I am interested in the master bath shower wall panels also. I didn't see a product name or material listed in the magazine article.
I have a client that also wants to duplicate the look of the shower walls. Please help me locate a source for this material. Thank you!
I am interested in having details on the type of surfaces, walls and floor, used in the bathroom Pease let me know, Thank you
Would have liked to see more of the truck beds.. I couldn't quite understand what they did there.
I, too, am interested to know what materials were used for the master bath walls. Thank you!
What an AMAZING back elevation! And i agree with everyone, what is the material used for the walls inside the masterbath? Great job!
Who is the print by? and where can it be purchased?!?!
I am interested in the orange and yellow curtains used in the first floor window. Can you let me know what kind of material is used here? Thank you!
such a gd ideas of up side down the floor lamp to be the ceiling light....and the simple and sleek design in the bath room is practically a gd idea..cheers
I could really get creative in Lawrence's office. Wow, what an inspiring space.
In the first slide, does anyone know what office chair he's sitting in? Been searching since that special edition came out and can't find anything on it!
haha, that "bottom" photo is so great. i wonder who the photographer is.

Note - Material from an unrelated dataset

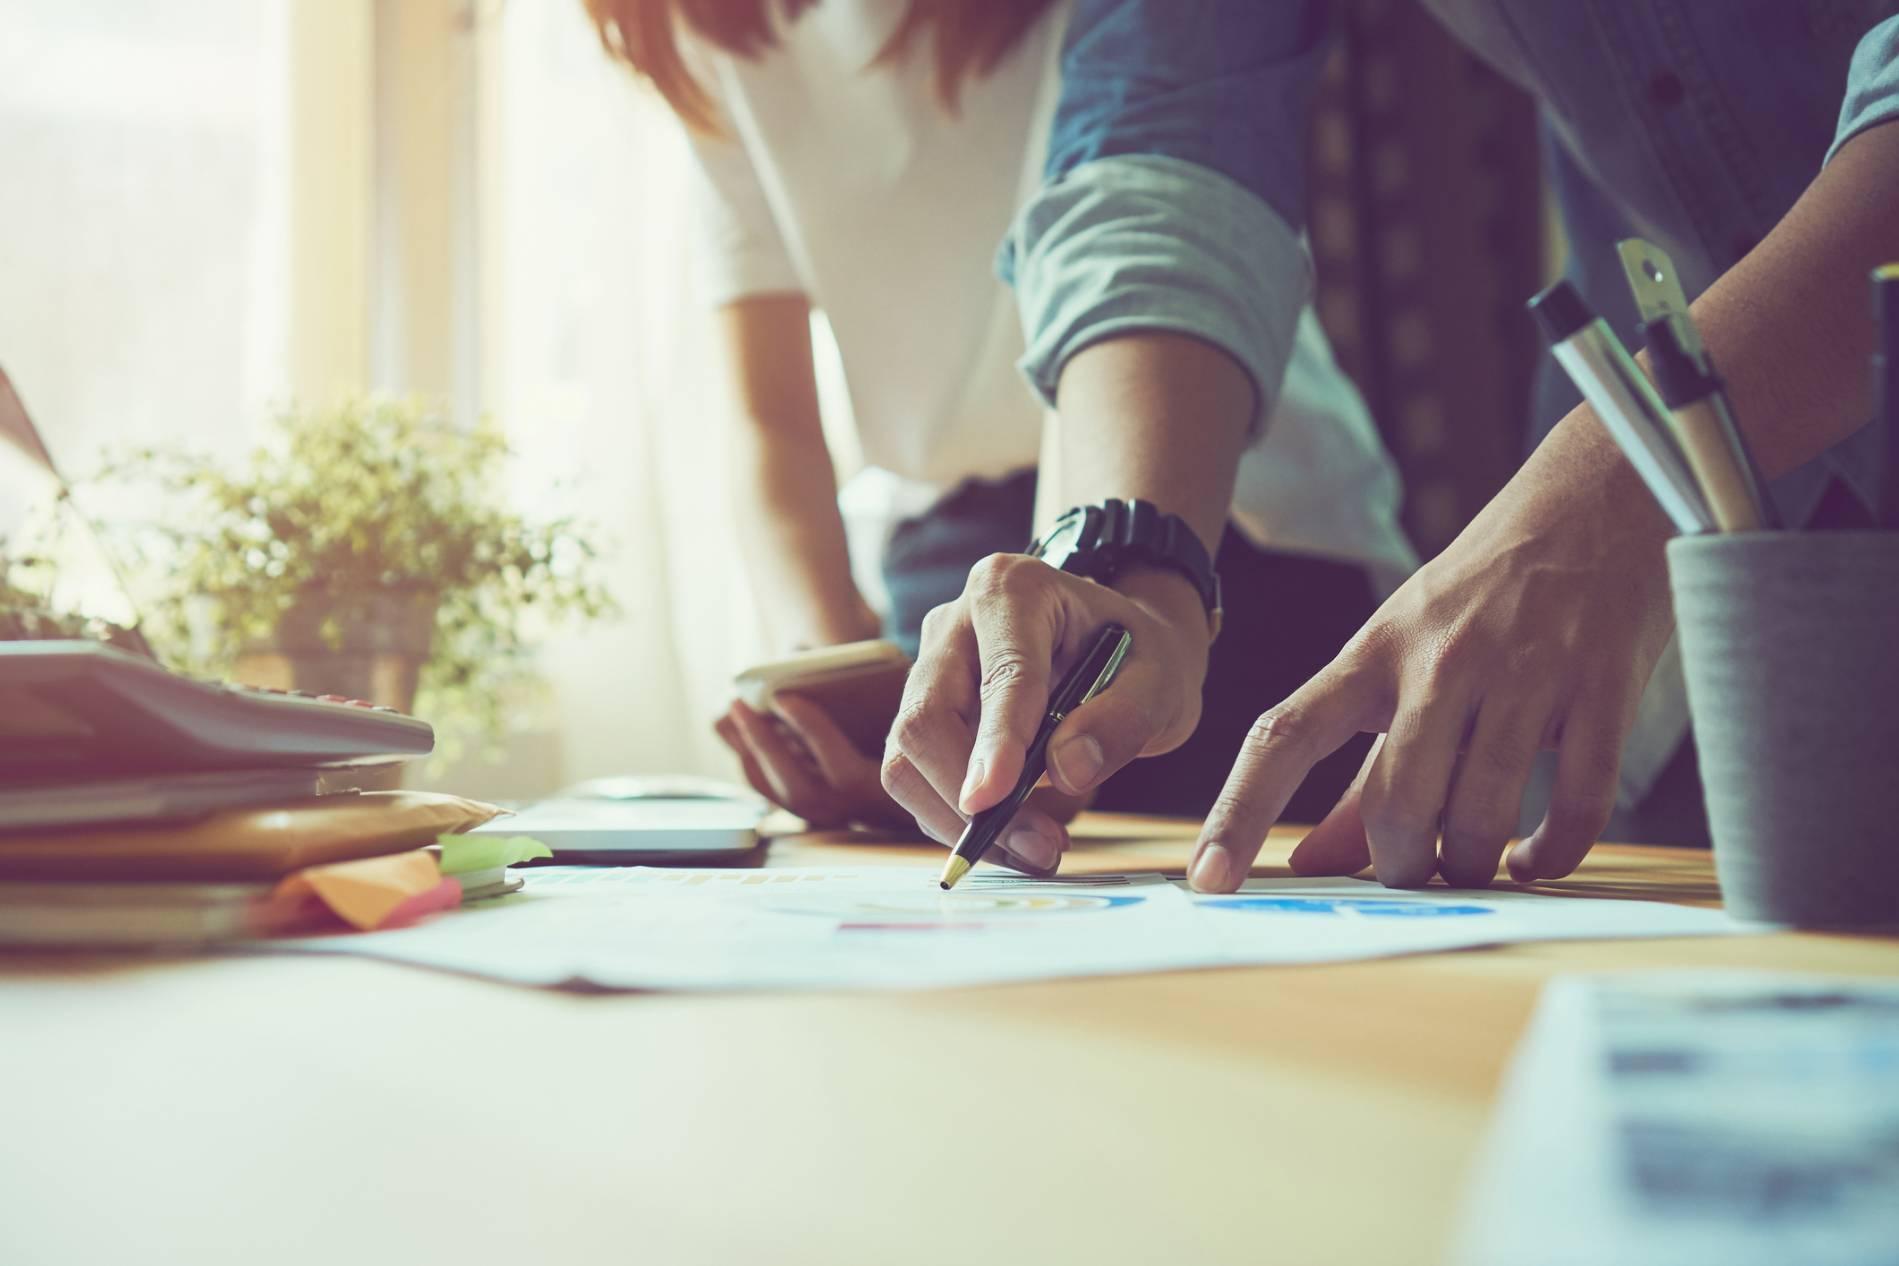 Définition de Brand Content : qu'est-ce que le brand content ?
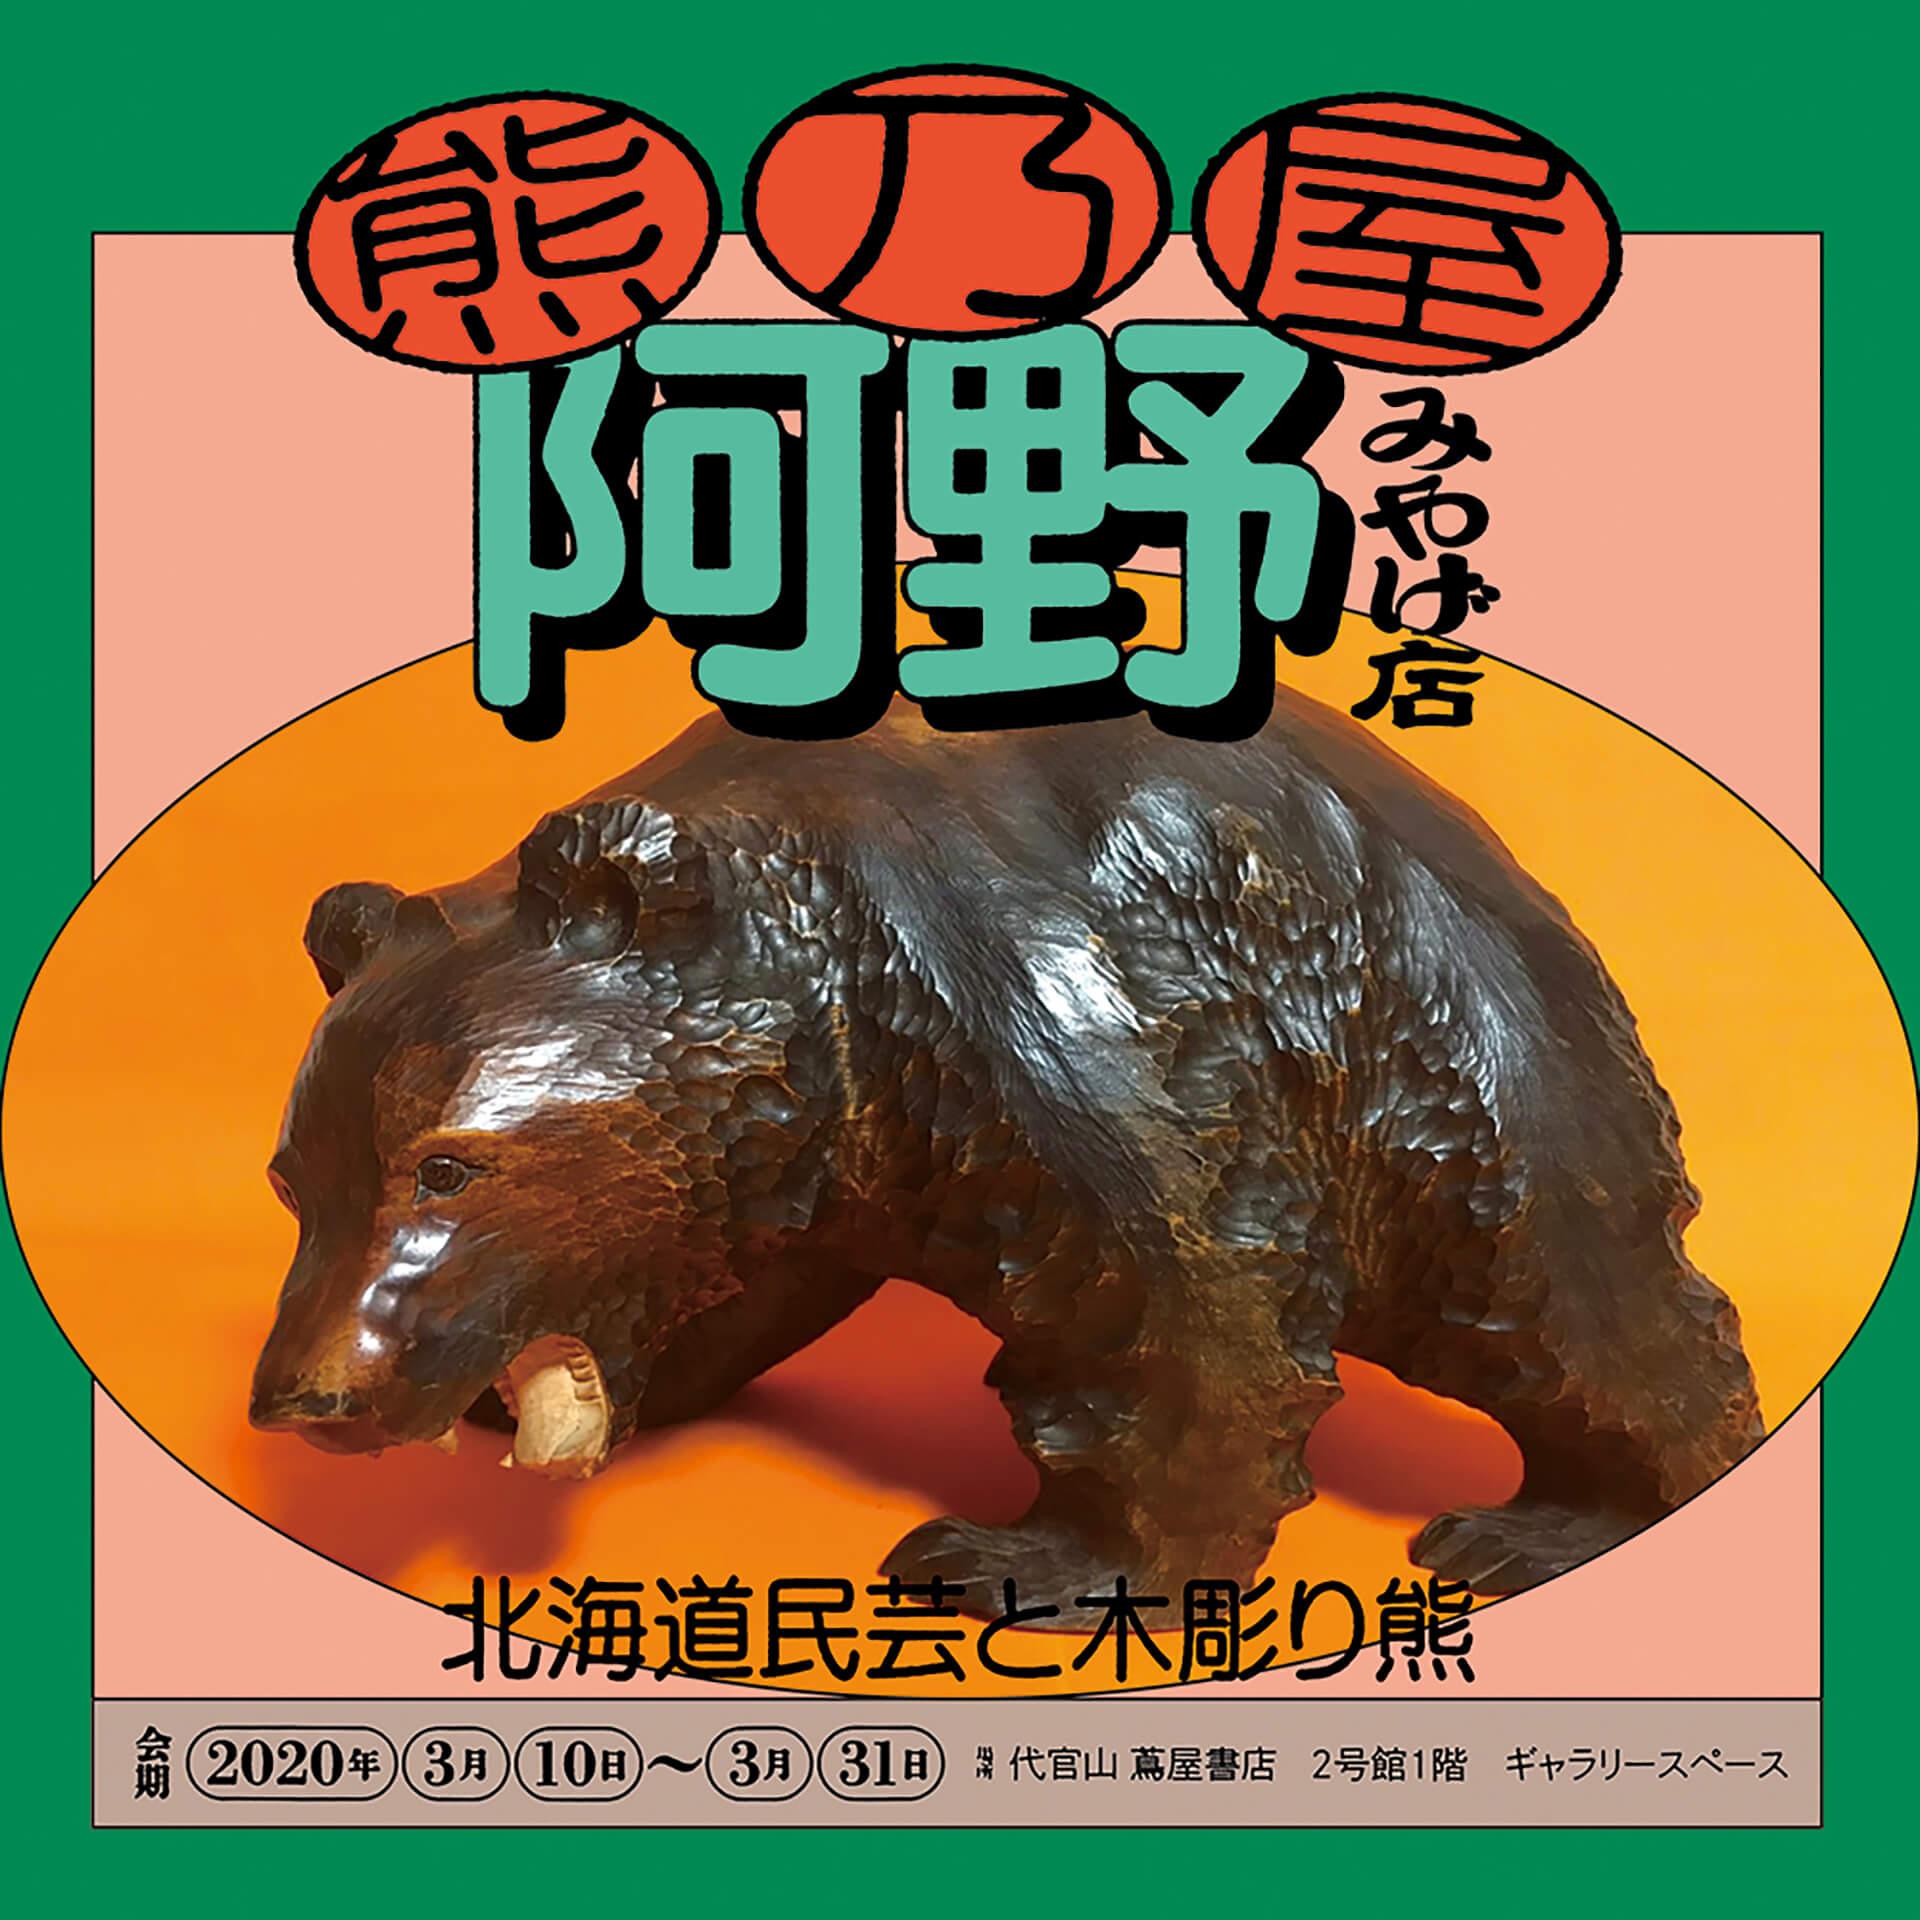 熊乃屋阿野みやげ店 ~北海道民芸と木彫り熊~ バナー

cembonit for the bathroom walls Kalwall for rear facade
The first time I saw this one, I wasn't crazy about it. I sort of blew past it, didn't really catch my eye. But when I went back and read it, I got what Lawrence said about both his pragmatic room-by-room sense and Ann's holistic. It sort f came together for me in a similar sense. I never thought much of the industrial style as a possibility for my home but I'm really inspired by every detail in this piece. I dreamed about this house all night last night and woke with new perspective.